My tendency towards change regarding activities in life may be my desire to do everything that I enjoy, and as you get older you kind of have to choose what you want to do specifically (something that I definitely have a problem doing) so I just jump from one thing to another that interests me. Hmmm... this seems highly likely.

When I was young I used to draw all the time. Usually it was houses or theme parks. I would also sing constantly and act and sing in plays at church. I'd go diving at the pool or flip around in our front yard. I would play with k-nex for hours or just go outside and explore. I even loved going to school. I didn't miss a single day for something like 8 years in a row, because I wanted to be there. I loved having fun... all the time. And I was good at having fun. Really good.

I don't think much has changed, and I think I'm trying to figure out if it has to change. Can life remain fun forever, or does there come a point where we have so much responsibility and pressure on us that we're no longer able to have fun doing whatever it is we're doing? Is there a way to continue living a meaningful and impacting life while enjoying it fully? I sure hope so.

I do realize that not everything in life is going to be "fun." Much of life is difficult, and we have to work hard through things we don't particularly like in order to accomplish goals.
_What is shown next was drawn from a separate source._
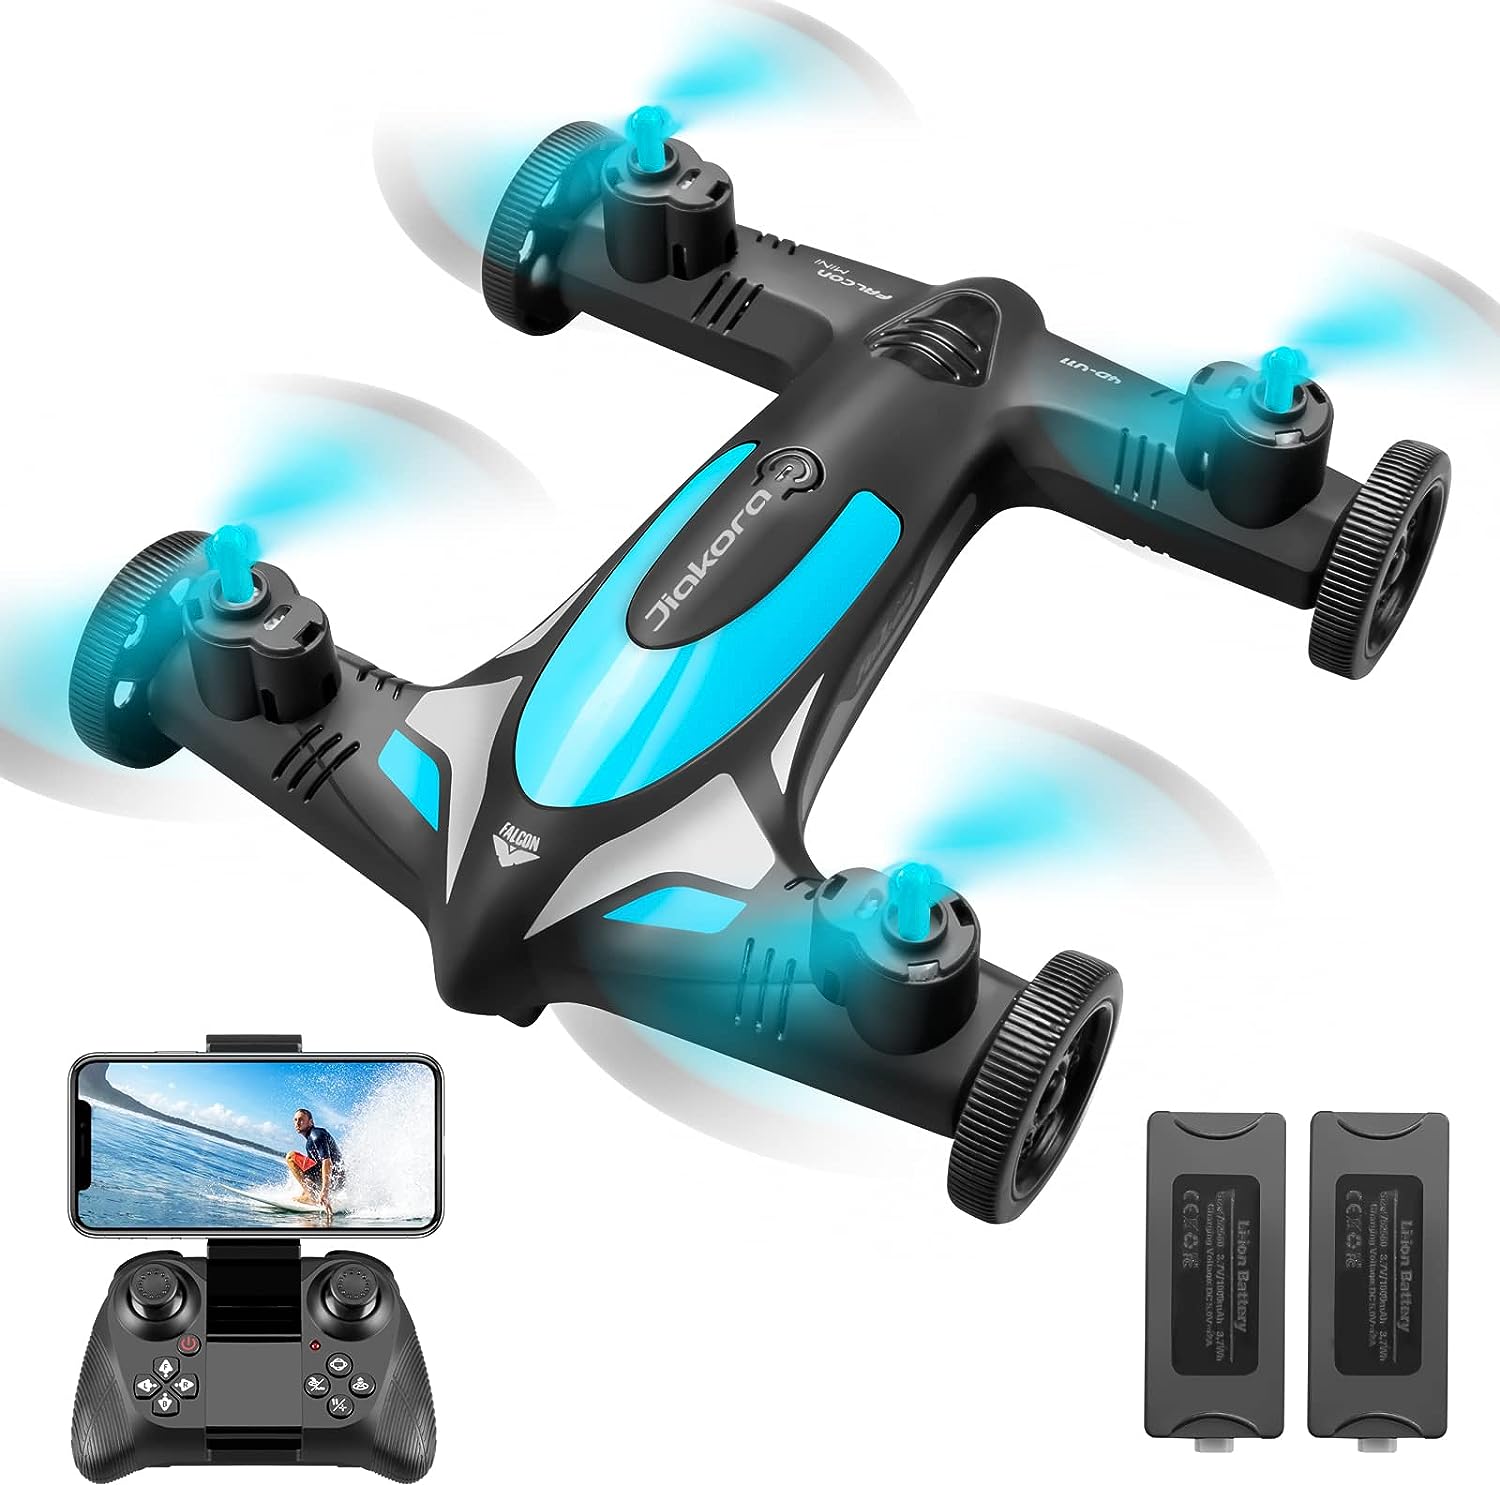 Jiakora V11 Mini Drone with Camera for Kids: A Fun and Versatile Quadcopter for Young Pilots

But can't you have fun in the difficult, or is that just attempting the impossible?

I might seem flaky and disconnected from reality at this point, and maybe I am. I don't know. I just feel like we have the ability to live with so much joy, and we often (me included) allow the difficulties of life to steal our fun. Life is hard, yes. But the joy of going through life with Christ and experiencing what He has laid before us to enjoy is so much fun. So I'm gonna do it. I'm gonna have fun.

Did this post make any sense? I kind of rambled. Sorry if its completely incoherent.